Harry Smith found more to like in the former One Directioner's debut than he bargained for

Mind of Mine is Zayn Malik’s first solo effort since his departure from One Direction early last year, so it is hardly surprising that the album makes explicit efforts to distance itself from that X-Factor brand of watered-down pop. The album approaches graphic sex, dark emotions, and the low points of nights out, which is a welcome change for Zayn; one of the greatest positives of this album is that it feels more sincere than One Direction ever did. But on MoM, Zayn still suffers from overproduction, which jars with what should be raw subject matter and lends an irritating self-consciousness to his supposed image shift.

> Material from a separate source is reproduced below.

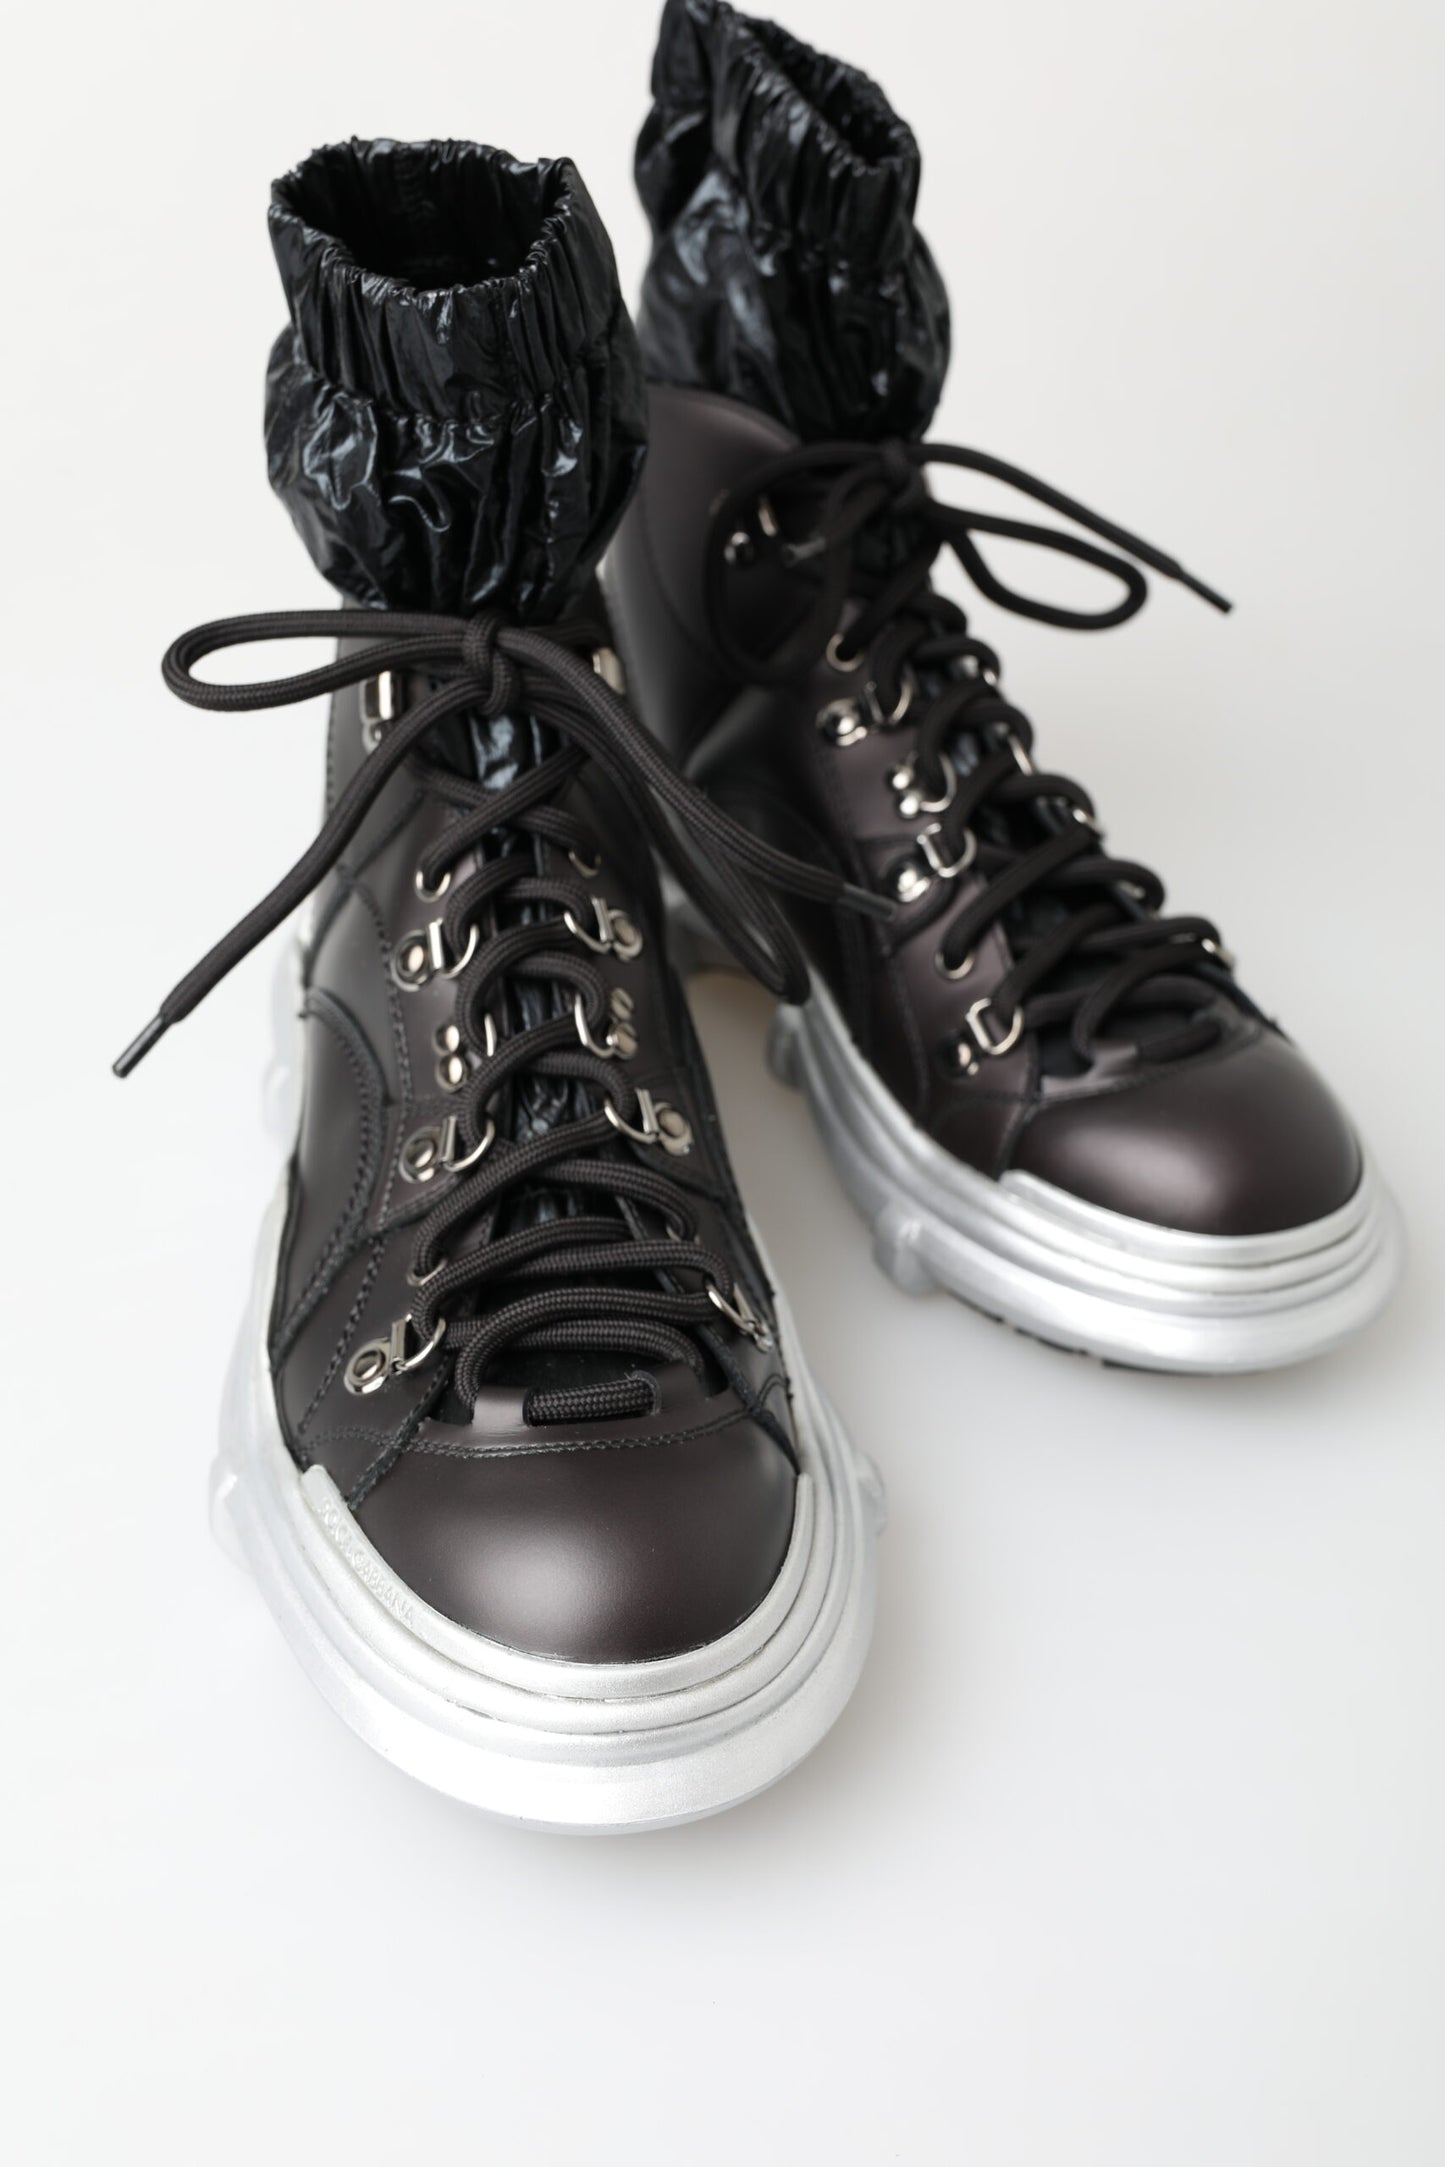 Dolce & Gabbana Black Nylon Galileo High Top Sneakers Chaussures

Musically, the album has more interest than the two made-for-radio singles would suggest. The move from pop into R&B feels natural for Zayn’s vocal style, and while Zayn’s voice does little to distinguish him within the genre, it does work well within said genre’s limitations. The backing tracks draw from a wide range of influences, with unsurprising tinges of Frank Ocean and Robin Schulz, as well as synths that wouldn’t be out of place on a Passion Pit track, or in the softer sections of a XXYYXX album. This diverse musical source material comes together most successfully on ‘tRuTh’, which is also a rare lyrical high point. Its references to his past, trapped in a world that was “not [his] scene”, have the ring of honesty that makes good R&B, and the tinkling synth ornaments and relaxed bassline work well against the track’s softer vocals and chorus-soaked guitar.

Mind of Mine has moments of interest, and some genuinely enjoyable songs, but the extent of its weaknesses, and their prominence in the bulk of the album, only serves to overbear the stronger, more sincere tracks. It is, however, an album that could have been heavily trimmed, which might have made the issue of Zayn’s repetitive lyrical content less obvious, and helped the back end of this 59-minute album feel like less of a slog. Many of the tracks suffer from the common pop disease of having one or two clever lines padded out with rhyming clichés to make a song. ‘lUcOzAdE’, ‘TiO’, and ‘BRIGHT’ are queued one after the other, and ‘LIKE I WOULD’ comes shortly after, all of which are grounded in the stale, overdone, “let’s fuck” school of songwriting, making the second half of the album into an ad nauseam repetition of the self-evident theme that all-grown-up Zayn beats us over the head with in ‘dRuNK’ – “Right now I’m emotional.”